By Yakubu Ahmed-BK (Maibindiga)
It has come to light that the only Kidney Dialysis Machine at the Specialist Hospital in Sokoto was purchased and warehoused at hospital by telecommunications giant, MTN.
The machine serves patients from Sokoto and Kebbi states mostly. I was at the Unit to visit a patient yesterday and the MTN’s imprint and logo were pasted on walls of the Unit. My worry about the humanitarian (?) gesture of MTN was not hinged on the gesture itself but on the implications it has on poor patients.



The charges are exorbitant and no matter the urgency of any patient’s case and no matter how short one is on the fee, the officers in charge usually sends patients away saying “the machine here is owned by MTN and we have instructions not to attend to anyone without money.”
I find this state of affairs worrisome because I just wonder what’s so special or difficult or a big deal about a dialysis machine that neither Sokoto nor Kebbi state governments could just purchase a number of them, get technicians and nurses fully trained on them and make services free to indigenes, at least.
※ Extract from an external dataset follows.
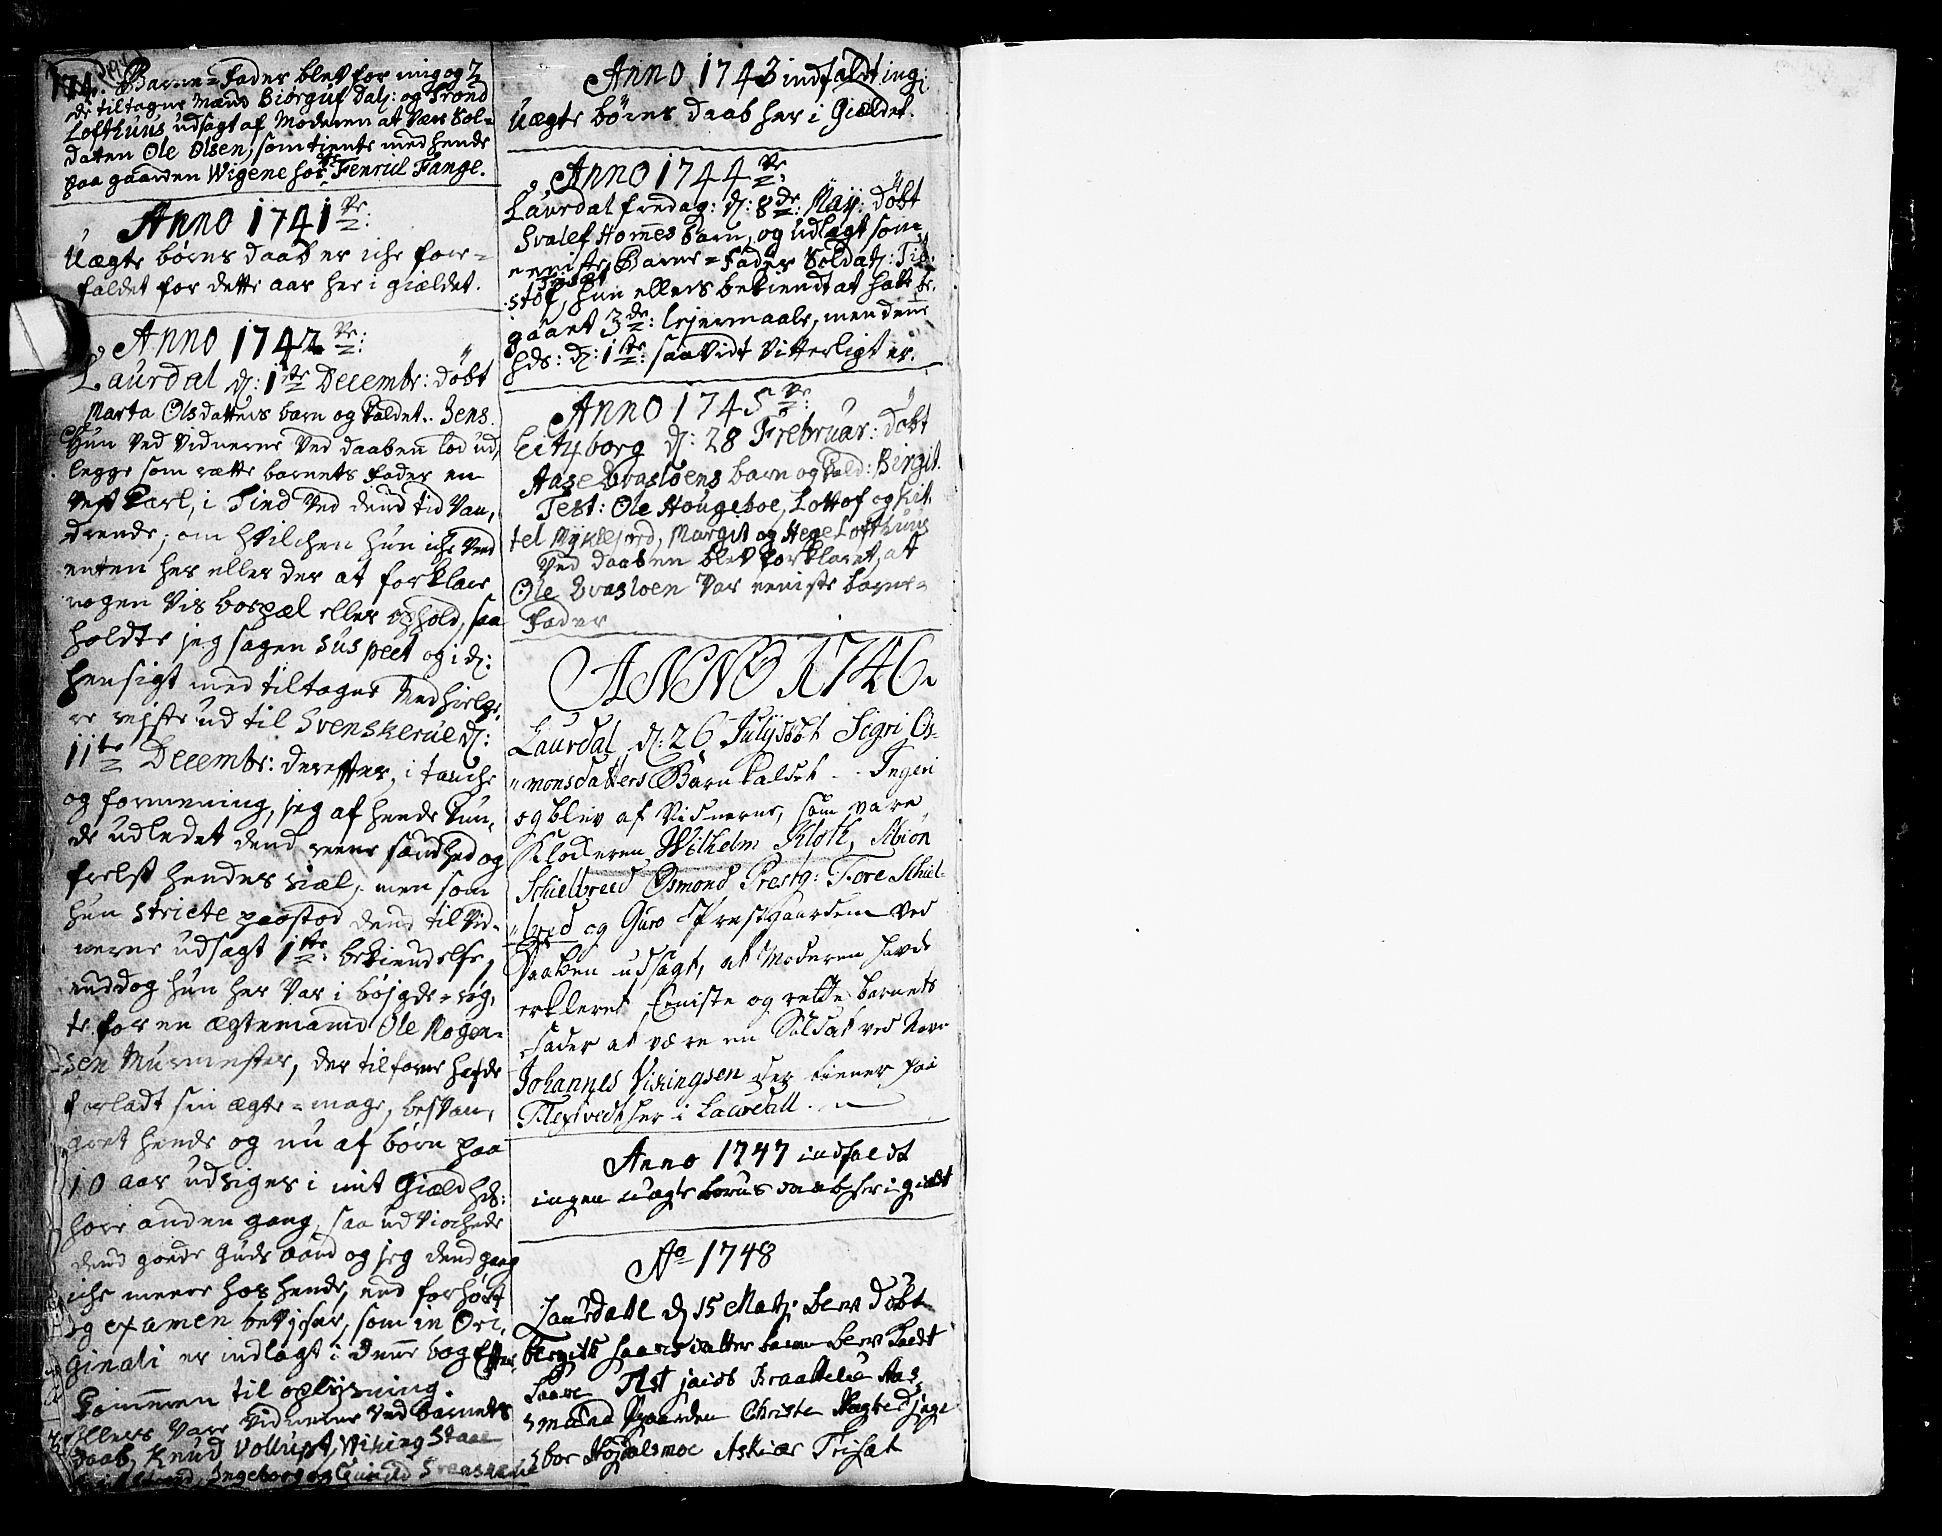 SAKO, Lårdal kirkebøker, F/Fa/L0002: Ministerialbok nr. I 2, 1734-1754, s. 194-195
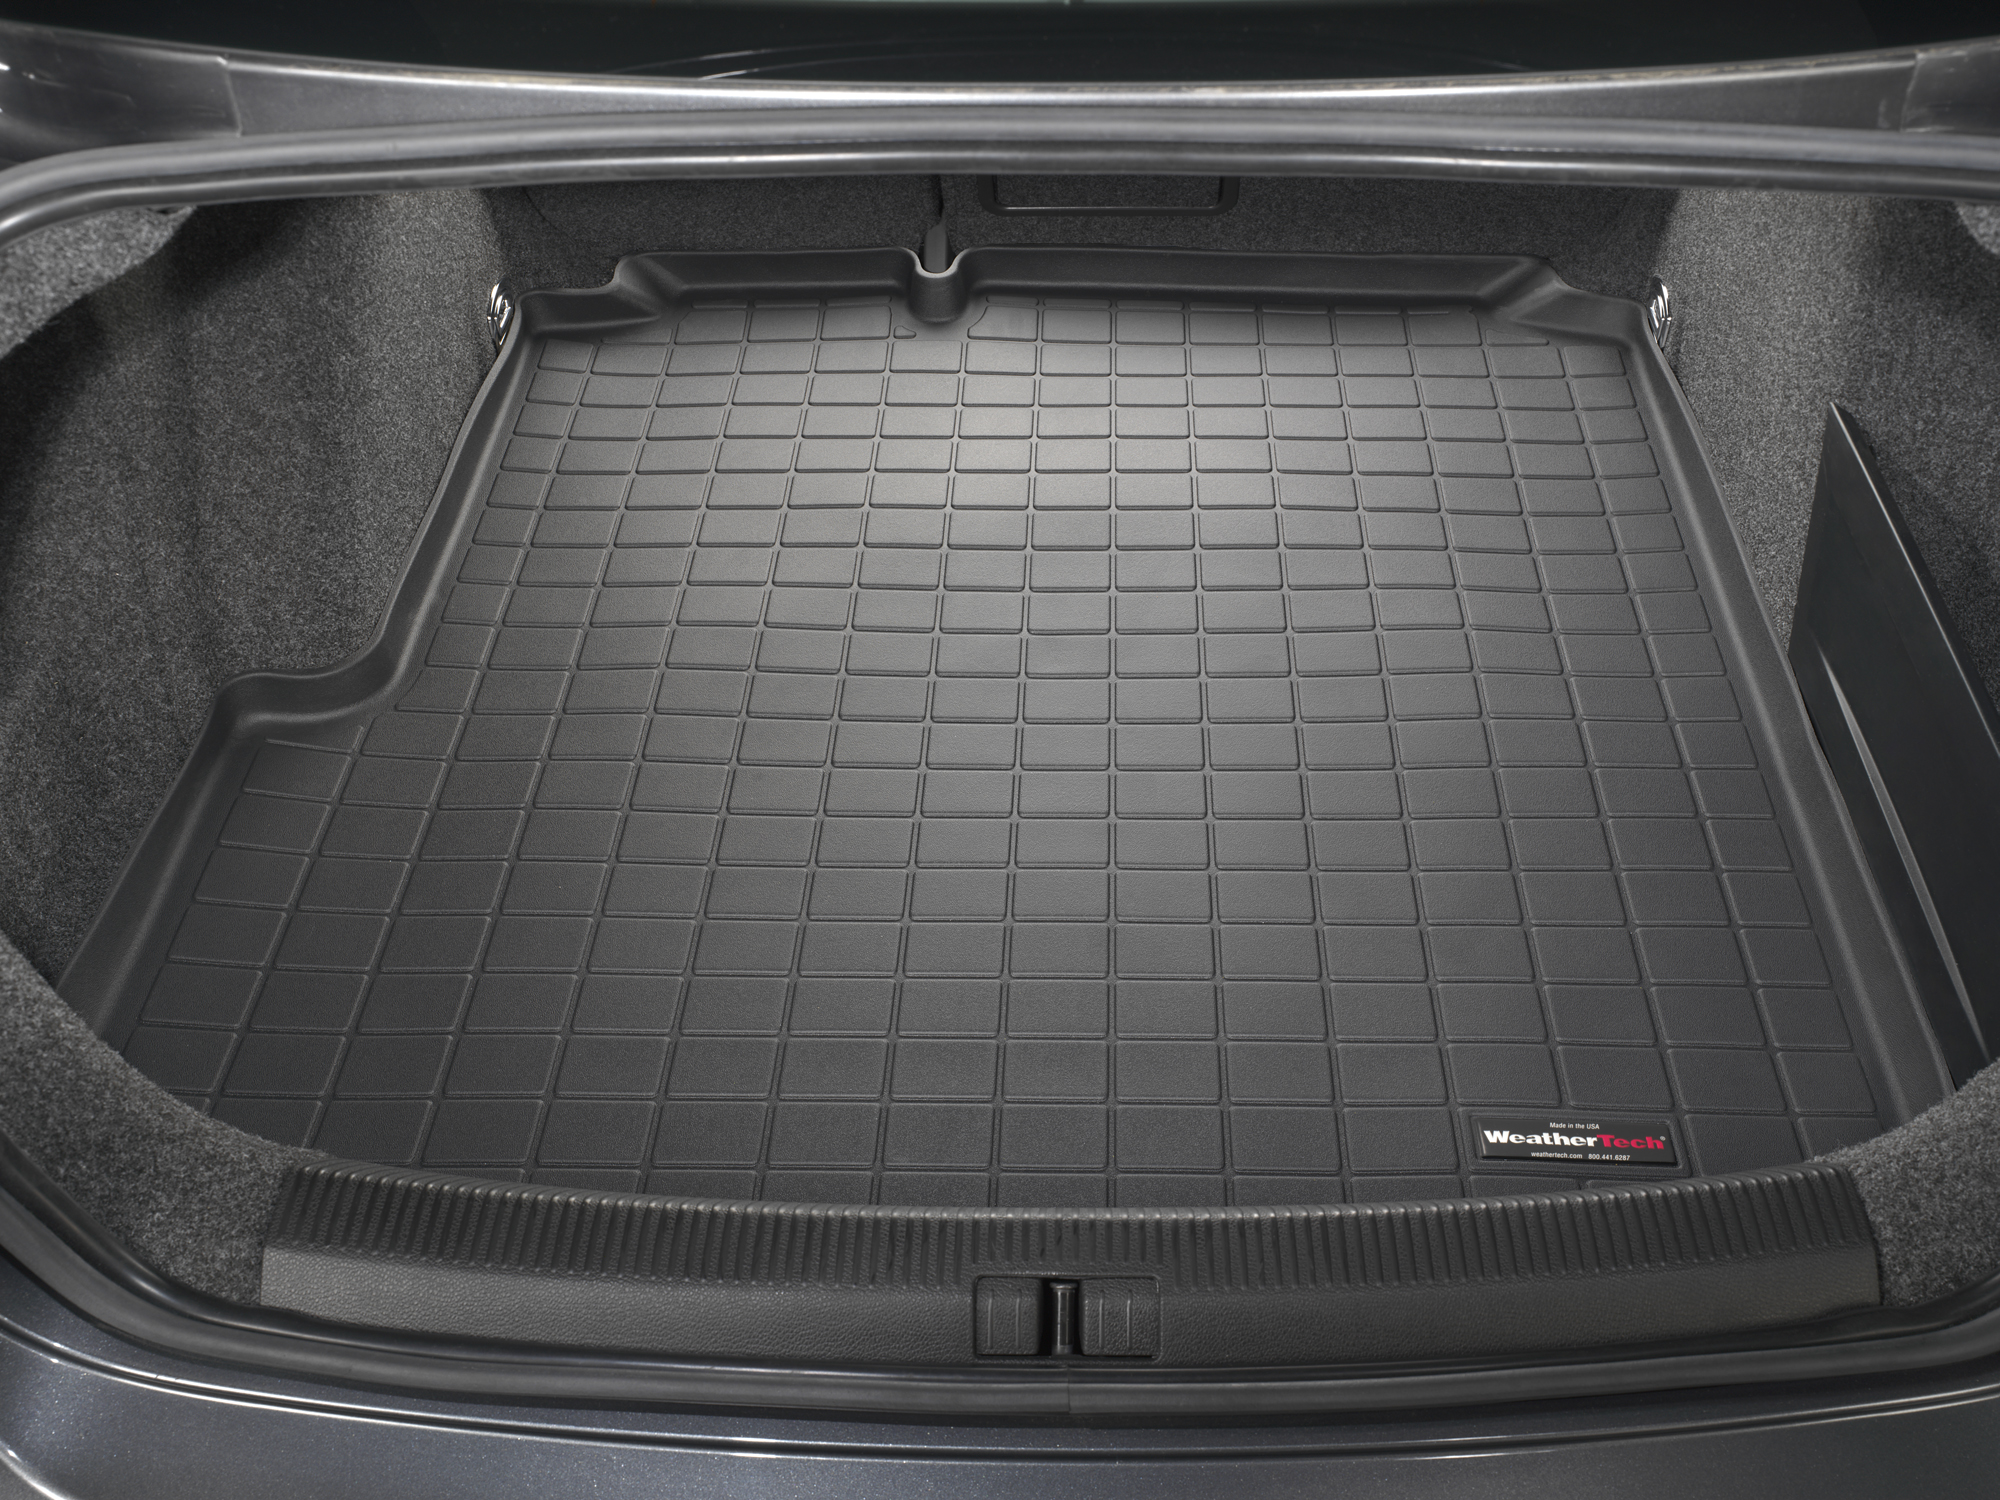 Volkswagen Jetta GLI 2006>2008 Vasca baule tappeto bagagliaio nero *1388

Yobe state had done that since when former governor Ibrahim Gaidam was in office and I can remember that a man I know, Alhaji Ali Gaidam (now late) had enjoyed the privilege of treatment free of charge in Damaturu. Borno too, has since done the same since the time of Alhaji Kashim Shettima. Governor Zulum who inherited the policy has not only continued with it, but has given specific orders that the rampant cases of kidney problems now plaguing Borno and Yobe states be researched and investigated in order to know what action to take to deal with it.
What then is so big a deal about it that something similar cannot be replicated in Sokoto and Kebbi?
Can anybody who has answers to these posers help me out?